As for power consumption, the energy needed to counteract roll on a boat is the same regardless of whether it's a hydraulic or electric drive fin, or a gyro. Granted, there will be differences in the idle load, and I can see how electric actuators might be lowest with fewer parasitic loads. But I'd be slow to judge how much lower.
With a gyro the parasitic load is keeping the gyro spinning at high speed, plus electronic control operation, and hydraulics for the actuator. With hydraulics it's a motor driving a pump, but the pump will not be loaded when idle so motor load would be minimum. With electric actuators there may be nothing more then control electronics power when the fins aren't moving, but I expect there is still a bit of draw on the actuators to hold the fins in position.
Aside from idle/parasitic loads, if one system consumes less power, then it's because it has less righting force, and will be less capable, and should be judged/compared accordingly.

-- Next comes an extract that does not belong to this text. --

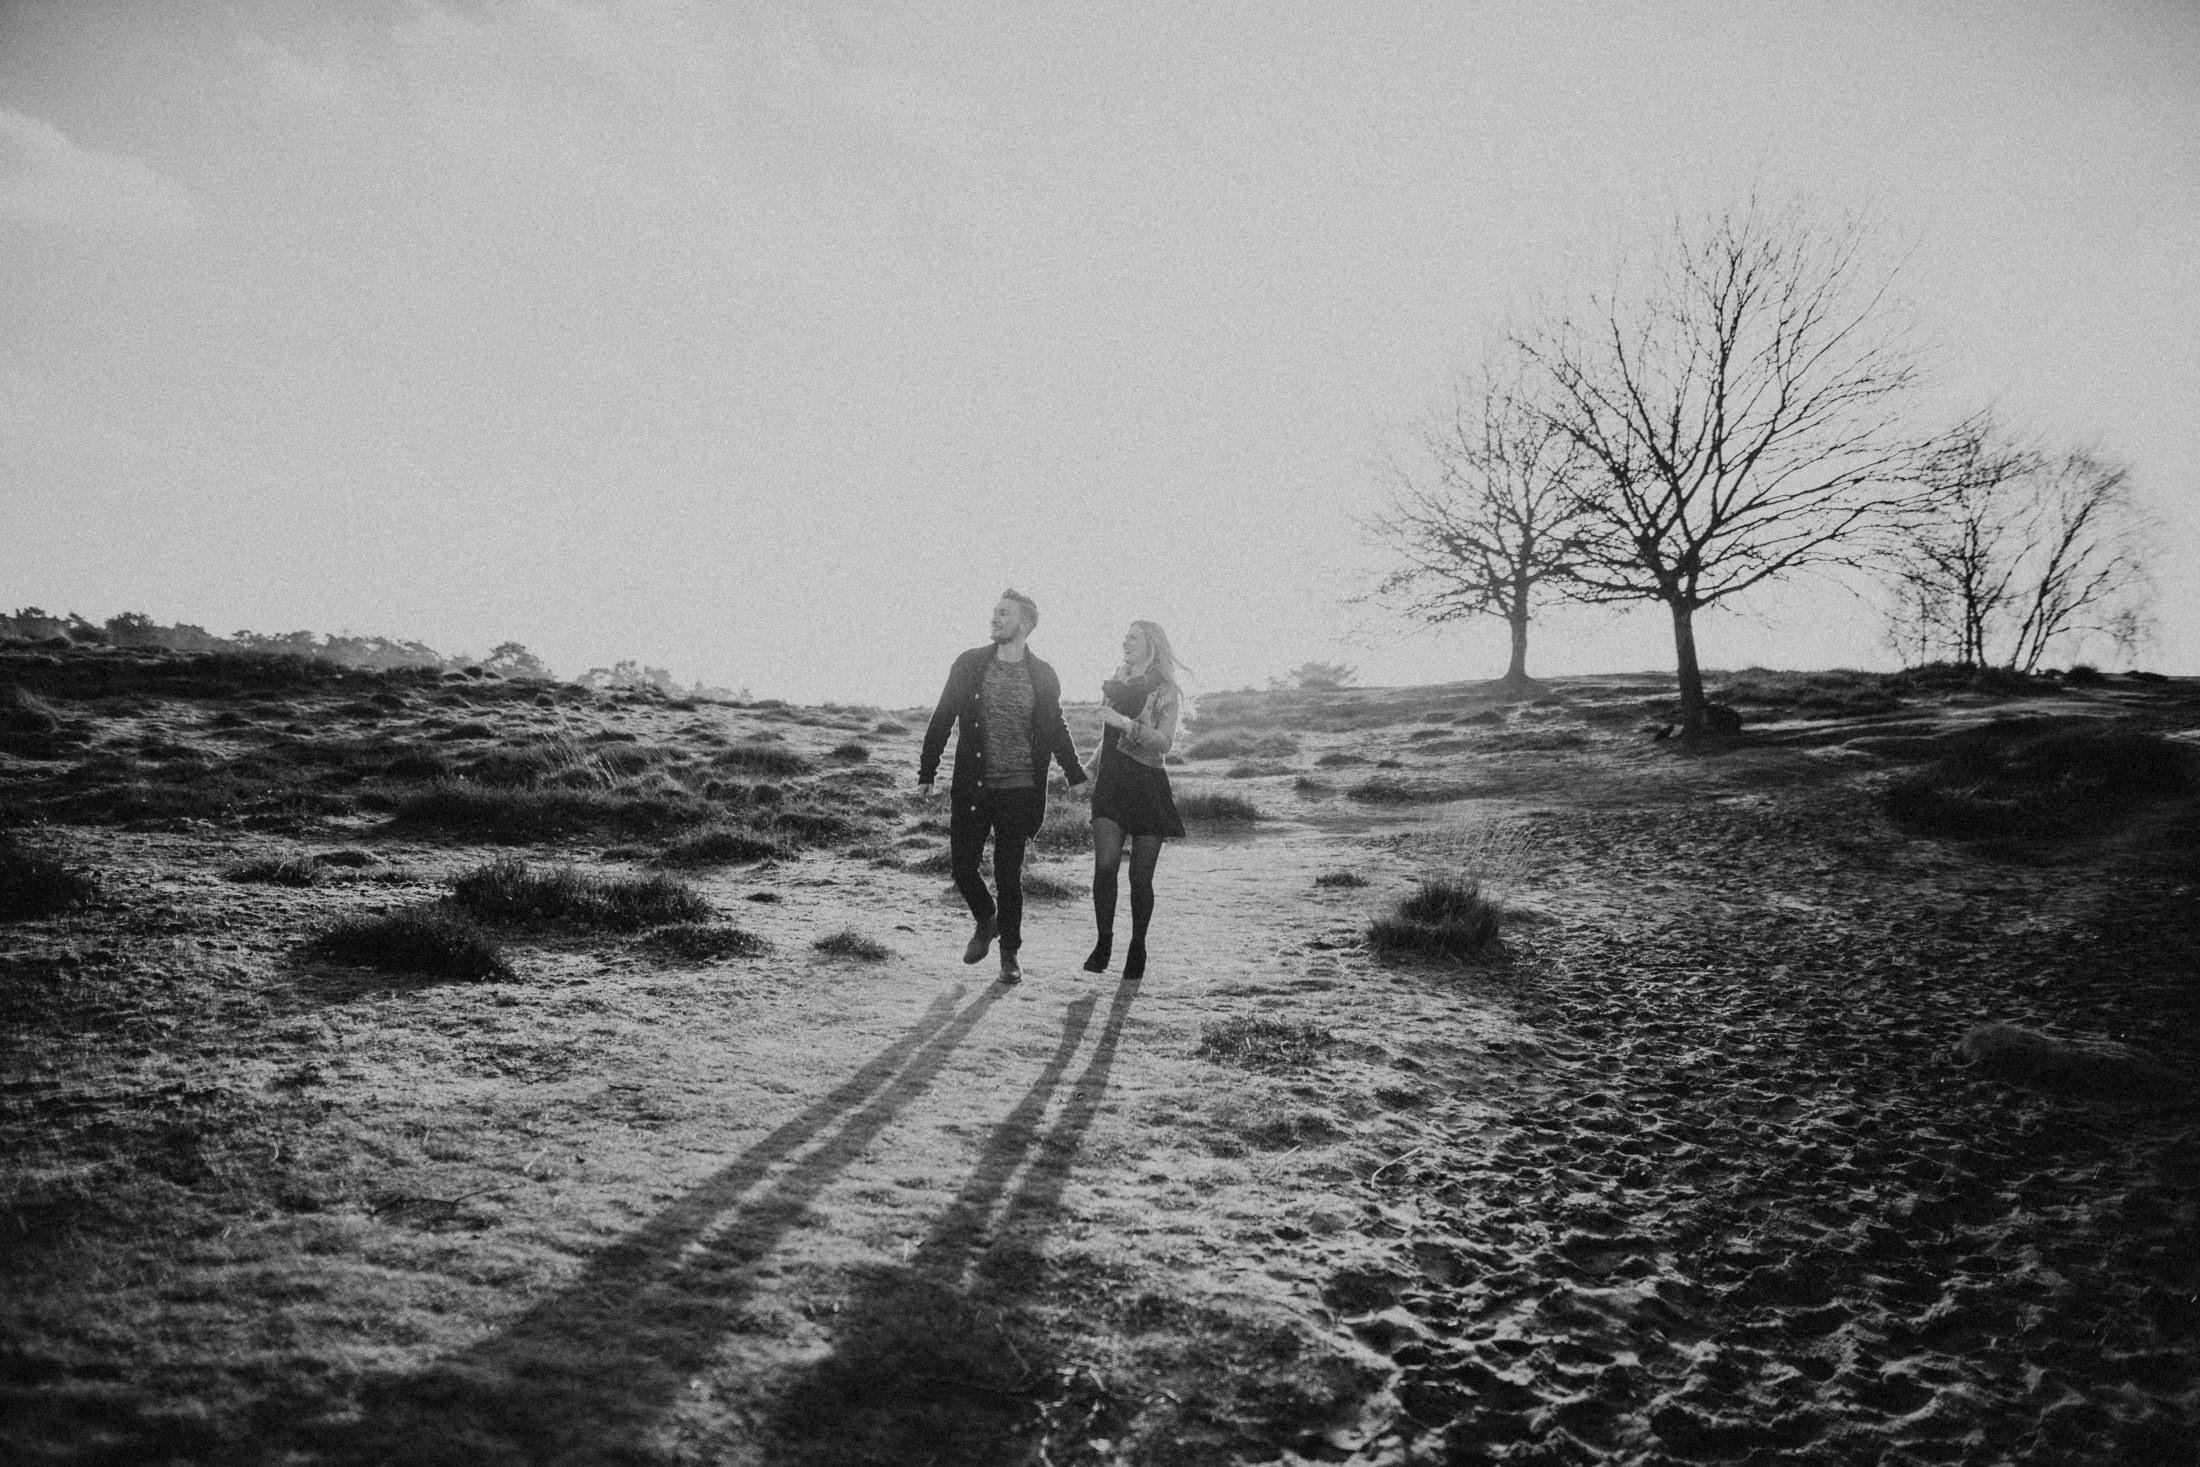 Wedding_Photographer_Mallorca_Daniela-Marquardt_Photography_CanaryIslands_Lanzarote_Iceland_Tuskany_Santorini_Portugal__Austria_Elopement_Hochzeitsfotograf_Milena_Marvin_14

The gyro was, for me at least, the most aestatic solution, after all, you don't see anything sticking out of the boat, but when they told me the power consumption I was shocked. When the boat is not moving it does not take a lot of energy to keep that gyro spinning (perhaps 1 kw for the gyro in the size for my boat), but as soon as the boat needs to be stabilised that quickly jumps to 4 Kw and that meant that my 6.5 Kva generator would solely be used to run the gyro. On top of that, the generator cannot react that fast to changing loads so I would actually run into more problems.
For the hydraulic system it is possible to store some hydraulic pressure, but the moment a disturbance is detected that stored hydraulic pressure get depleted real fast, requiring a high capacity pump to quickly bring the hydraulic system back up to pressure. So that would either be a heavy electrical pump (4 Kw or more) or an engine needs to be running all the time.

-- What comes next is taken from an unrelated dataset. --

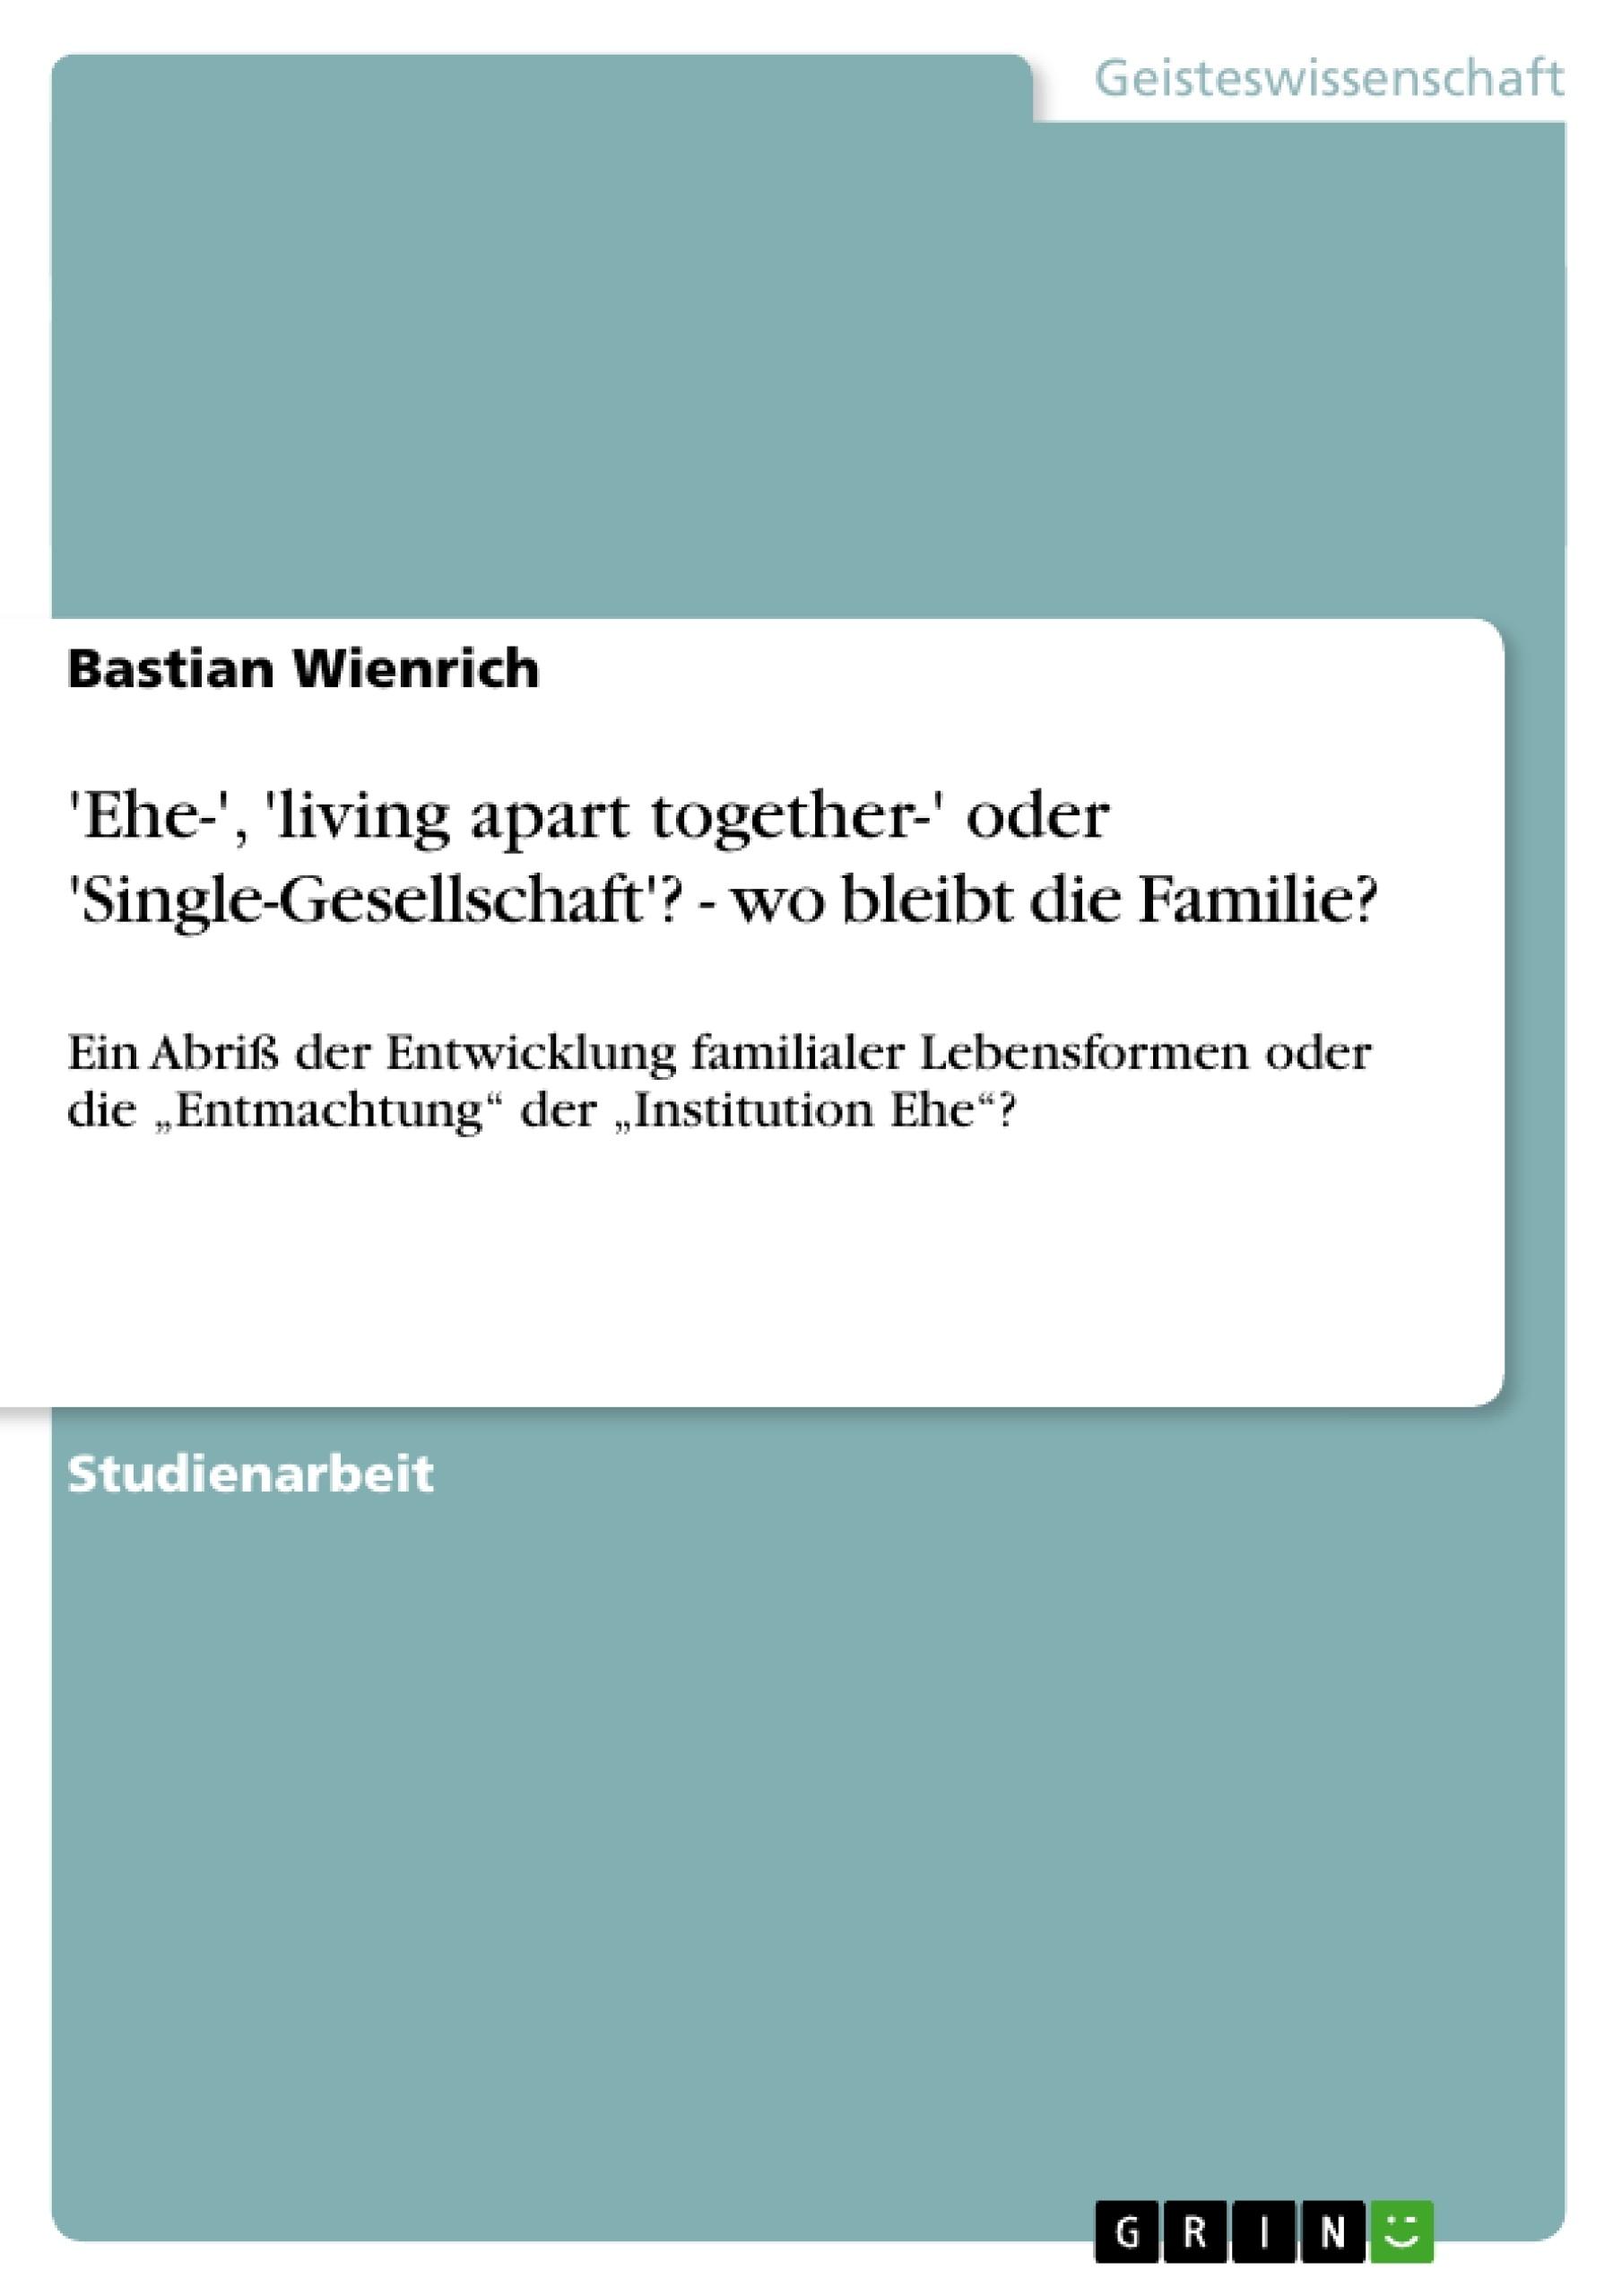 Titel: 'Ehe-', 'living apart together-' oder 'Single-Gesellschaft'?  - wo bleibt die Familie?

I was looking at a trawler (terranova 68) that does have hydraulic zero speed fins (4 of them), but for that system to operate one generator needs to run 24 hours per day. That results in a significant fuel consumption and thus heavy operating cost.
When my fins are not moving they are in the neutral position, which does not require any electricity. If I switch them on or off (when there is no disturbance) I don't see any increase or decrease in the AC loads. Can I move the fins by hand when they are in neutral ? Perhaps, but I never tried, I would have to move the fins against a 2 Kw electric motor and the moment I would try that the system would detect a disturbance and start an opposing force.
The fins in neutral means that the water has equal pressure on both sides of the fin, so no energy is required to keep the fins neutral (the water pressure remains identical after all).
If there is a disturbance it is not the fins that get moved by the waves, the boat gets moved out of the stable position (detected by a small gyro on the fly bridge) and only then will the fins move to counter that disturbance and that is when electricity gets used.
When they start operating I will see an increase in the AC loads, but that differs all the time. The software tells the fins to react faster or slower, with more or with less deflection. In other words it can order the fins to move at full speed to max deflection or it can order the fins to move at a slow speed to full deflection or at full speed to e.g. 10 degrees or at low speed to 10 degrees. That is all decided by the software and it does a great job in stabilising the boat in any type of sea. I can be in a long swell or short choppy sea, the fins will react differently, but the result is the same, the boat is stable at zero speed.
The conclusion that a system is less capable because it consumes less energy is not a correct statement. If you would look at the pure mechanical force required to bring a boat back to stable condition then you are correct. Unfortunately the efficiency of the subsequent systems results in completely different power consumptions.
My electric fins are in neutral when there is no disturbance, but will react when needed. That is an electric motor connected directly to the fins, there is no gear box, there is no shaft sticking out of the boat.
Hydraulic fins have a hydraulic pump which does not have 100 % efficiency, then that fluid needs to be moved through hydraulic lines, which also take a percentage (by expanding and creating friction) away from the efficiency. After that the hydraulic fluid goes into cylinders, moves pistons, creates heat through friction, thereby loses efficiency and then there is finally the gearbox assembly which also takes efficiency away from the whole system.
In the end a hydraulic system may need 20 or 30 % (or more) extra energy to overcome all the inefficiencies, where an electric motor may need 5 % extra energy to overcome its inefficiencies.
But the biggest power consumption is not when operating the system, the biggest difference in consumption is when the system is in idle, waiting for a disturbance. In idle a hydraulic system will always lose pressure, so therefore it needs to be brought up to pressure again. Same is for a pneumatic system and even more for a gyro.
An electric motor on the other hand is just doing nothing, not consuming anything.